I pounded on the door, making it shudder in its frame, and at last heard signs of life from the other side.
“Who’s there?” Isaac’s voice, and I supposed I could understand why he sounded rather cautious.
“I need to find Felix. Is he with you?”
“Cre … Meh … M-Madame Parr?”
Oh, very smooth, Lieutenant Vulpes, I thought, and repeated, a bit louder, “I have to find Felix.”
And blessedly, Felix’s voice, more muffled than Isaac’s, “I’m here, Tabby. What’s the matter?”
I wish I knew. “I need to talk to you for a minute.”
“Can’t it wait?”
“No, it damned well can’t. Now, sunshine.”
“Well, unless you want to see me in all my glory—oh. Thank you, darling.”

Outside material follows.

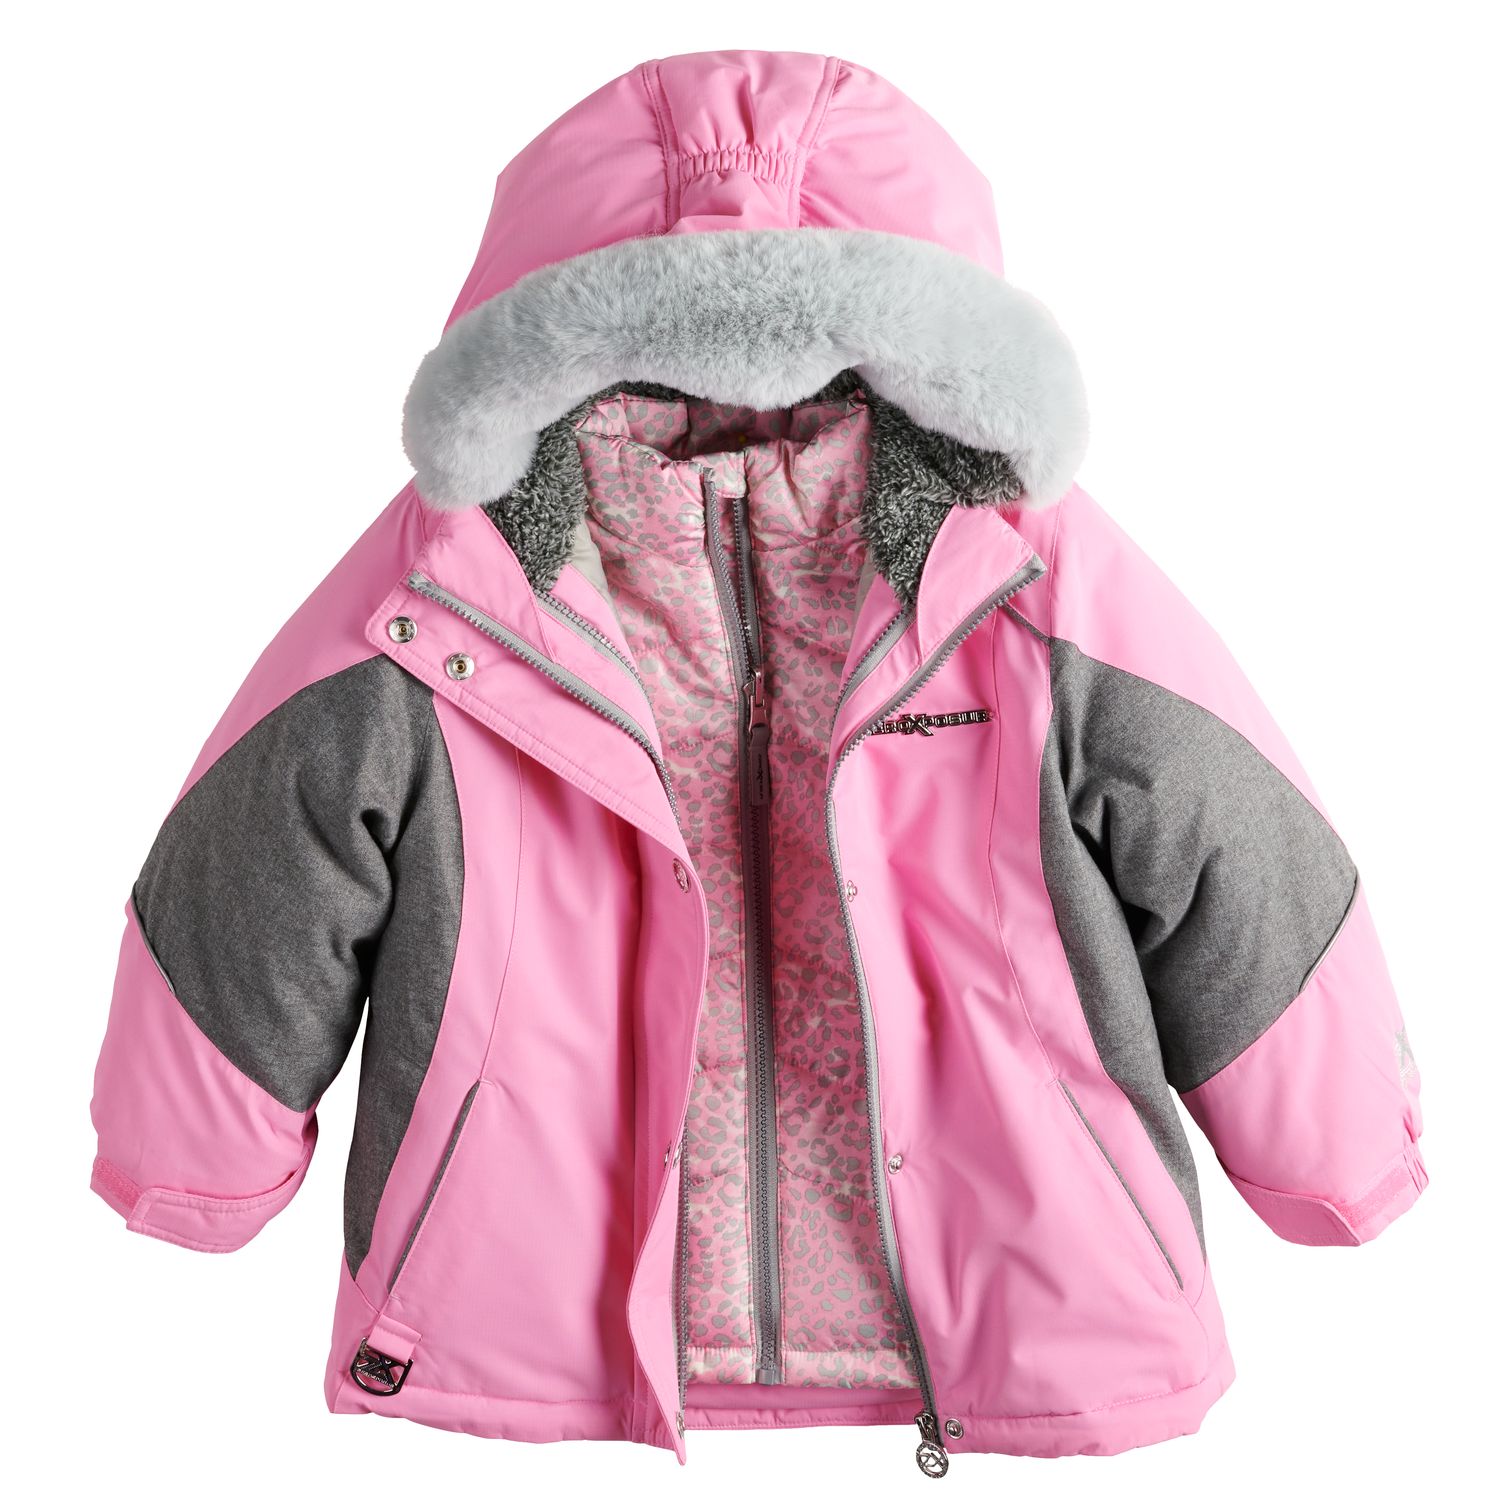 Girls' Winter Coats \u0026 Jackets: Find

A few moments later, the door opened. Felix was wearing a dressing gown clearly meant for a much shorter man, with a good couple inches of his shirt showing at the cuffs; I didn’t want to know if he was wearing anything else. “So,” he said, one eyebrow up, Felix at his worst, “what is it that is so terribly urgent?”
“Have you seen Gideon tonight?”
“Gideon?” Both eyebrows up now. “Darling, surely you noticed the very messy and unpleasant end of our affair?”
“Cut it out,” I said impatiently. “Have you seen Gideon? Yes or no.”
“No, of course not.” He was frowning now, quite like Mildmay. “What’s this about?”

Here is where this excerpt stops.